'[oss-security] Multiple DoS issues fixed in Privoxy 3.0.32 stable'

[prev in list] [next in list] [prev in thread] [next in thread] 

List:       oss-security
Subject:    [oss-security] Multiple DoS issues fixed in Privoxy 3.0.32 stable
From:       Fabian Keil <freebsd-listen () fabiankeil ! de>
Date:       2021-02-28 9:23:46
Message-ID: 20210228102346.65e49420 () fabiankeil ! de
[Download RAW message or body]


               Announcing Privoxy 3.0.32 stable
--------------------------------------------------------------------

Privoxy 3.0.32 fixes multiple DoS issues and a couple of other bugs.
The issues also affect earlier Privoxy releases.

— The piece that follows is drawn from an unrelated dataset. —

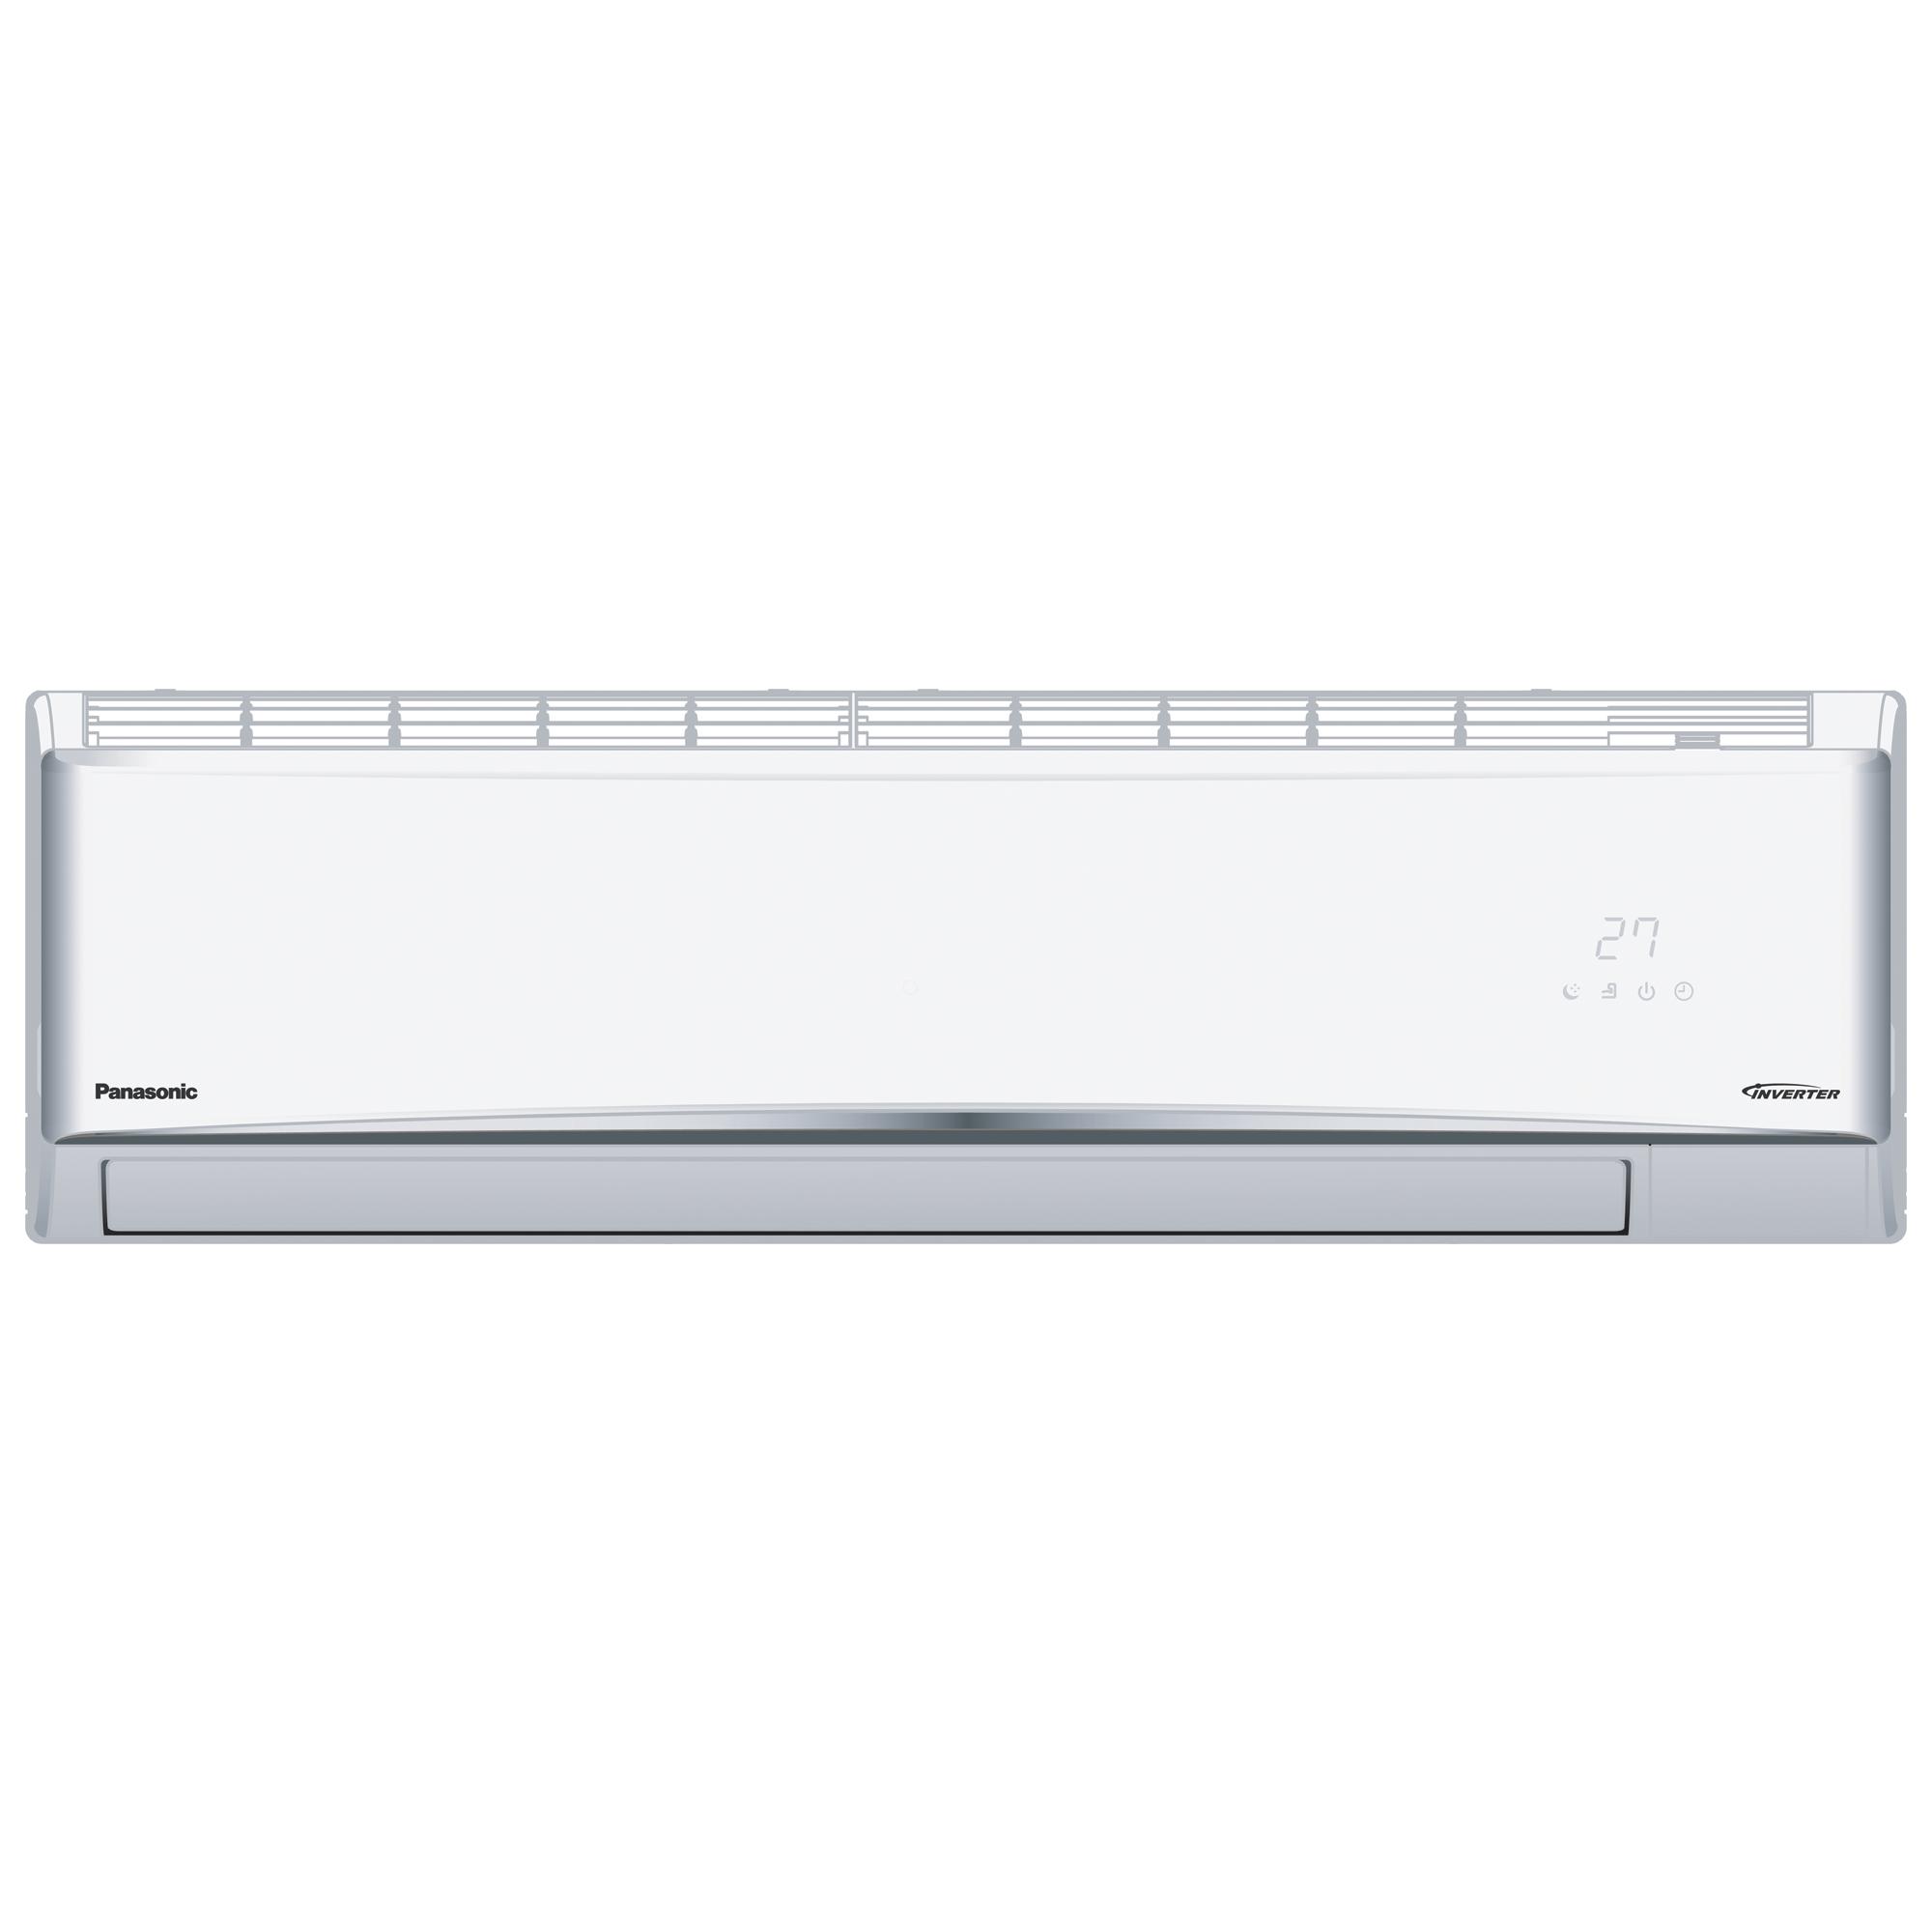 Panasonic ZU 1.5 Ton 5 Star Inverter Split AC (Air Purification Filter, Copper Condenser, CS/CU-ZU18XKYF, White)_1

--------------------------------------------------------------------
ChangeLog for Privoxy 3.0.32
--------------------------------------------------------------------
- Security/Reliability:
  - ssplit(): Remove an assertion that could be triggered with a
    crafted CGI request.
    Commit 2256d7b4d67. OVE-20210203-0001.
    Reported by: Joshua Rogers (Opera)
  - cgi_send_banner(): Overrule invalid image types. Prevents a
    crash with a crafted CGI request if Privoxy is toggled off.
    Commit e711c505c48. OVE-20210206-0001.
    Reported by: Joshua Rogers (Opera)
  - socks5_connect(): Don't try to send credentials when none are
    configured. Fixes a crash due to a NULL-pointer dereference
    when the socks server misbehaves.
    Commit 85817cc55b9. OVE-20210207-0001.
    Reported by: Joshua Rogers (Opera)
  - chunked_body_is_complete(): Prevent an invalid read of size two.
    Commit a912ba7bc9c. OVE-20210205-0001.
    Reported by: Joshua Rogers (Opera)
  - Obsolete pcre: Prevent invalid memory accesses with an invalid
    pattern passed to pcre_compile(). Note that the obsolete pcre code
    is scheduled to be removed before the 3.0.33 release. There has been
    a warning since 2008 already.
    Commit 28512e5b624. OVE-20210222-0001.
    Reported by: Joshua Rogers (Opera)

[...]

-----------------------------------------------------------------
About Privoxy:
-----------------------------------------------------------------

Privoxy is a non-caching web proxy with advanced filtering capabilities for
enhancing privacy, modifying web page data and HTTP headers, controlling
access, and removing ads and other obnoxious Internet junk. Privoxy has a
flexible configuration and can be customized to suit individual needs and
tastes. It has application for both stand-alone systems and multi-user
networks.

Privoxy is Free Software and licensed under the GNU GPLv2.

[...]

Home Page: 
   https://www.privoxy.org/

Complete announcement:
   https://lists.privoxy.org/pipermail/privoxy-announce/2021-February/000007.html

[Attachment #3 (application/pgp-signature)]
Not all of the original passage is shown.